Часть 13 из 31 В начало
Для доступа к библиотеке пройдите авторизацию
Доктор Сингер наклоняется над ребенком, колдует своими огромными руками, пару виртуозных движений дирижерской палочкой, вернее, особенным пинцетом, и вот уже крохотная лампочка кряхтит и выколупывается наружу, а перепуганный Мотя начинает реветь от облегчения, что все обошлось и, возможно, ему даже не попадет.

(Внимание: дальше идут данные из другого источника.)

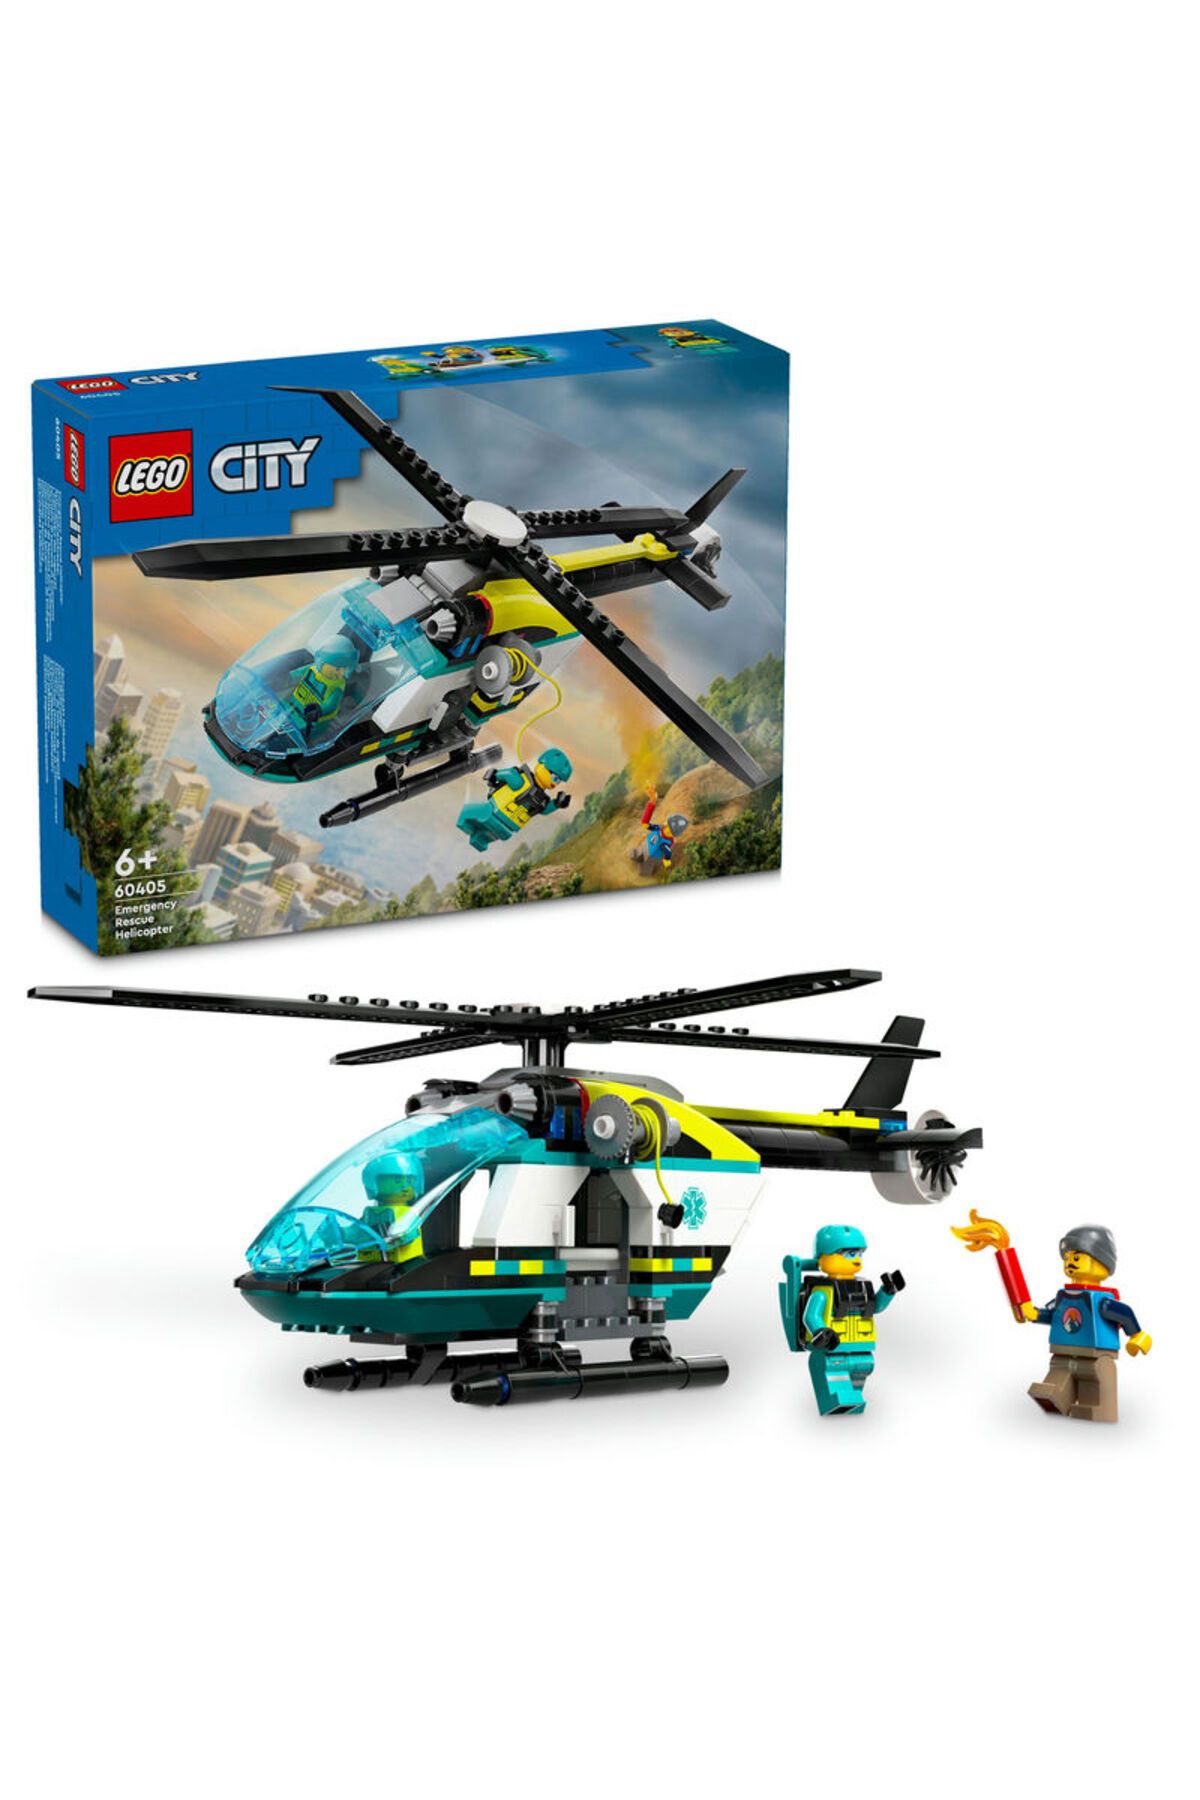 LEGO ® City Acil Kurtarma Helikopteri 60405  - 6 Yaş ve Üzeri İçin Yapım Seti (226 Parça)

Родители хватают Мотю, целуют, обнимают, хватают в охапку, уходят, не оглядываясь. Их можно понять, у нас здесь страшно, хочется скорей домой, вот они и уходят, уходят и уносят с собой Мотю, лампочку и несказанное спасибо, да и бог с ними, лишь бы только смотрели за своим сыном, смотрели, глаз не спускали, потому что мальчишки – они такие баловники.
Я думаю про Даньку, покрываюсь холодным потом от страха за все и вся, вспоминаю, что он с бабушкой, а бабушка у меня – кремень, у такой не побалуешь, и вообще ему только пять месяцев, да и гирлянда наша далеко запрятана.

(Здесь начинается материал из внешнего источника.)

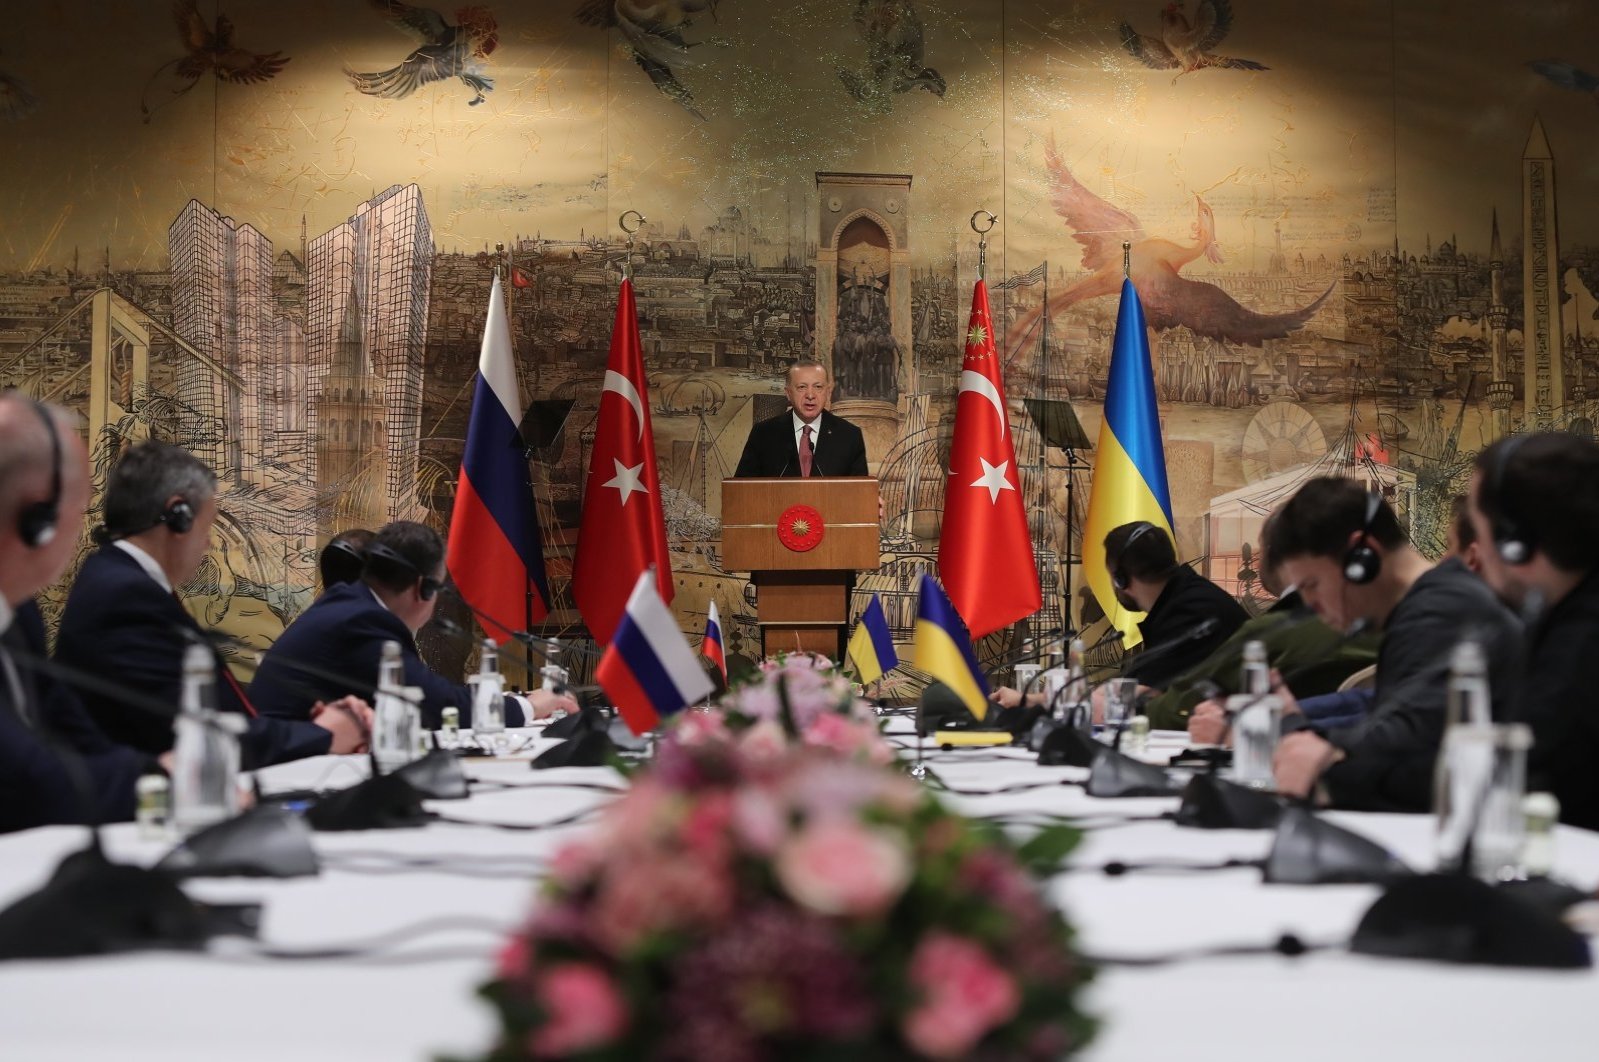 Türkiye sebagai jembatan diplomatik antara Rusia dan Barat

Доктор Сингер моет руки, отдувается, вытирает пот со лба, поворачивается ко мне и с недоумением спрашивает:
– Скажи мне, пожалуйста, а что такое елочная гирлянда?
Я рассказываю про Новый год и елку, про 31 декабря.
– Все понятно, – говорит он, – вы, русские, раз в год вешаете на ваши деревья лампочки, чтобы они хоть немного напоминали вам иерусалимские оливы, – Сингер вздыхает: – Да, что ни говори, тяжело жить в изгнании, чего только не придумаешь.
Глава семнадцатая
На свадьбу к Фуаду мы поехали на больничном автобусе.
За город выехали быстро, а потом так трясло и раскачивало, что мне вспомнились все прелести недавнего токсикоза. Мы сидели с Иркой и Дуду в задних рядах, пересмеивались – кто от полноты жизни, а кто от отчаянного желания показать, что весело. Илья сидел со своей Людмилой впереди и на Ирку не смотрел.
Перед самой посадкой в автобус, еще в отделении, мы с ребятами успели глотнуть шампанского за здоровье новобрачных, поэтому сейчас смешки и пузырики вылетали из нас на каждом ухабе.
– Только бы нам не заблудиться, – сказал Дуду, поглядев на серьезного водителя, – а то еще не в ту деревню заявимся.
Ирка прыснула:
– Вот смеху-то будет, потом в новостях передадут – ворвался автобус с евреями, захватил арабскую деревню.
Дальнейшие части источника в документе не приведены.